Can Be an Instrument of a Merciful God. Historically, this country's
laws and principles are based on the Bible and the Judeo-Christian concept
of God. He is the standard. He is the measuring stick.
(Rom. 3:23) "For all have sinned, and
come short of the glory of God;" (Rom.11:32)
God hath concluded them all in unbelief..."
(Ecc. 7:20) "For there is not a just
man upon earth, that doeth good, and sinneth not."
We, as God's creation, have reason to be ashamed of ourselves and our actions.
In Psalm 44, David speaks to God about shame.
Notice how God used shame in the lives of Israel's enemies and in their lives as well. Shame is an instrument of God. Shame is the result of our own sin.

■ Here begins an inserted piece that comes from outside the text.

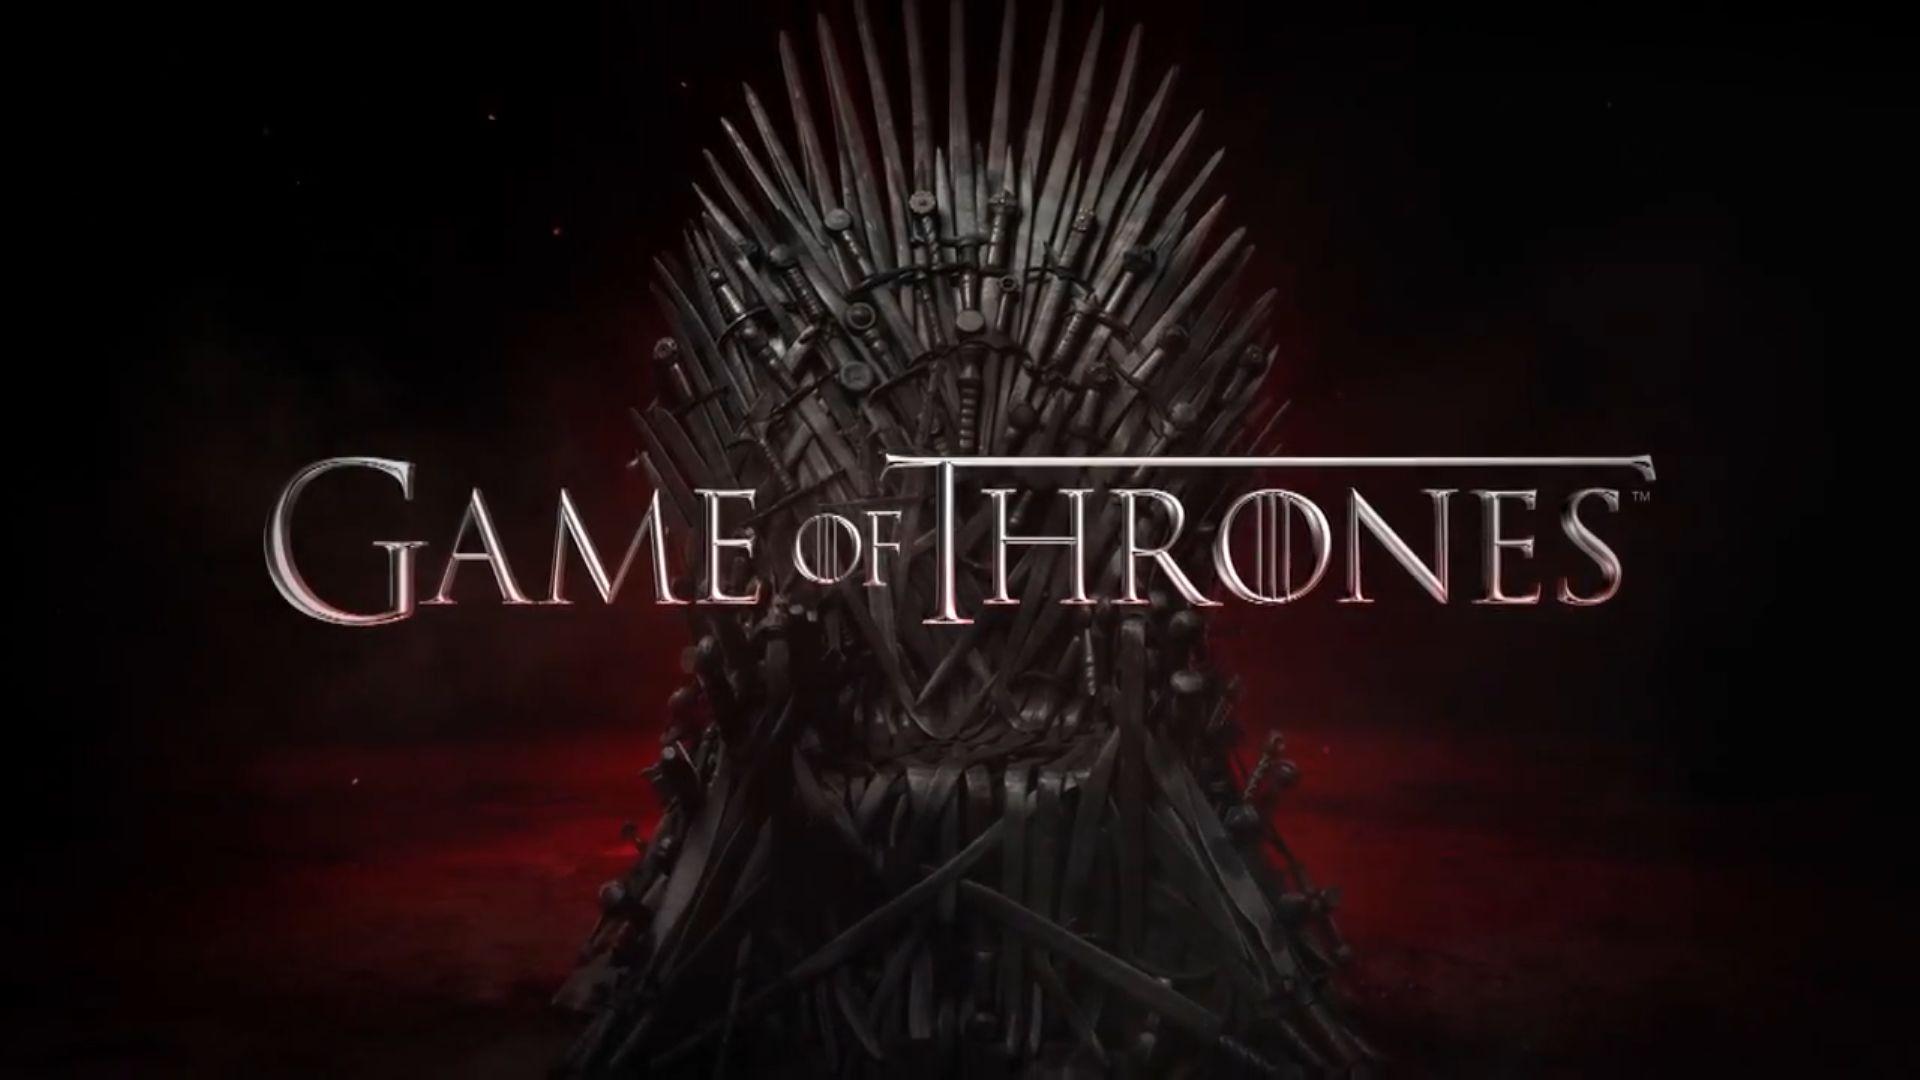 """Seriali më i ndjekur i të gjitha kohërave """"Game of Thrones"""", jep lajmin e shumëpritur për fansat"""

Did not Peter, when he denied the Lord, go out and weep bitterly over his sin? Notice too, Israel's attitude in Jeremiah's day. (Jeremiah 3:25) "We lie down in our shame, and our confusion covereth us: for we have sinned against the LORD our God, we and our fathers, from our youth even unto this day, and have not obeyed the voice of the LORD our God."
Lack of Shame Is Evidence of a Decayed Society. "I don't care
what people think! It doesn't matter what they say! I'll hold my
head up high no matter what! Never let them see you sweat!
Never give in, never admit that you're wrong." These are the statements
of a society in decay. But this attitude is not new.
On November 26th, 1996, a middle age couple sat comfortably in their Eustis, Florida home. A 16 year old self professed "vampire" and occult follower named Rod Farrell creeped inside, and in a drug induced stupor, clubbed them both to death with a tire iron. He then stole their van parked outside and drove to pick up his friends. Why do I tell this story? Later, after he had been sentenced to death, he was asked, "How did you feel when you killed them?' His answer, "I didn't." The psychologists testified that he had a "personality disorder" which caused him to be anti-social.
Other stories like this can be told one after another. The woman who ran into a man with her car, watched him die lodged in her windshield with her car sitting in her garage, never called 9-1-1. The rap singers, who sing of raping women, killing policemen, and selling drugs to little schoolkids, do it for the money and the shock value.
A member of
the news media stated recently that Kobe Bryant's arrest for rape could
have "street value." He went on to explain that Kobe was not considered
as an icon or role model by the urban,ethnic teens and young adults.
He has been seen as an "establishment" personality up until his arrest.
Now he might be considered more like "one of them." Such a statement
is an affront to minorities and an example of the decay of our culture.
Shame for the Christian Can be a Negative.
we get the concept of shame all wrong. We find ourselves ashamed of the
godly aspects of our lives and proud of the ungodly ones. Jesus promises
serious ramifications for this misplaced shame. Paul said expressly:
I am not ashamed of the gospel of Christ..."
(Romans 1:16) We owe it to our God to stand true and not be ashamed
of His claims on our lives.
Our Own Shame Should be Evaluated and Dealt With. What shall be our
attitude toward our shame? Will we follow the advice of the psycho-analyst
who tells us to forget our past sins and shameful behavior? Will
we bury our shame and move on? Our will we bring our shame to God,
who alone can deal with it and ease our pain?
At this writing, it is not apparent what will happen to Kobe Bryant. Everyone has their opinion of his guilt or innocence. But we do not know, nor can we say what happened. But we can say that God knows, and the shame Kobe Bryant felt at that July 18th press conference is a good thing. His shame was the instrument of God to bring him to repentance and be a warning to us not to follow in his path.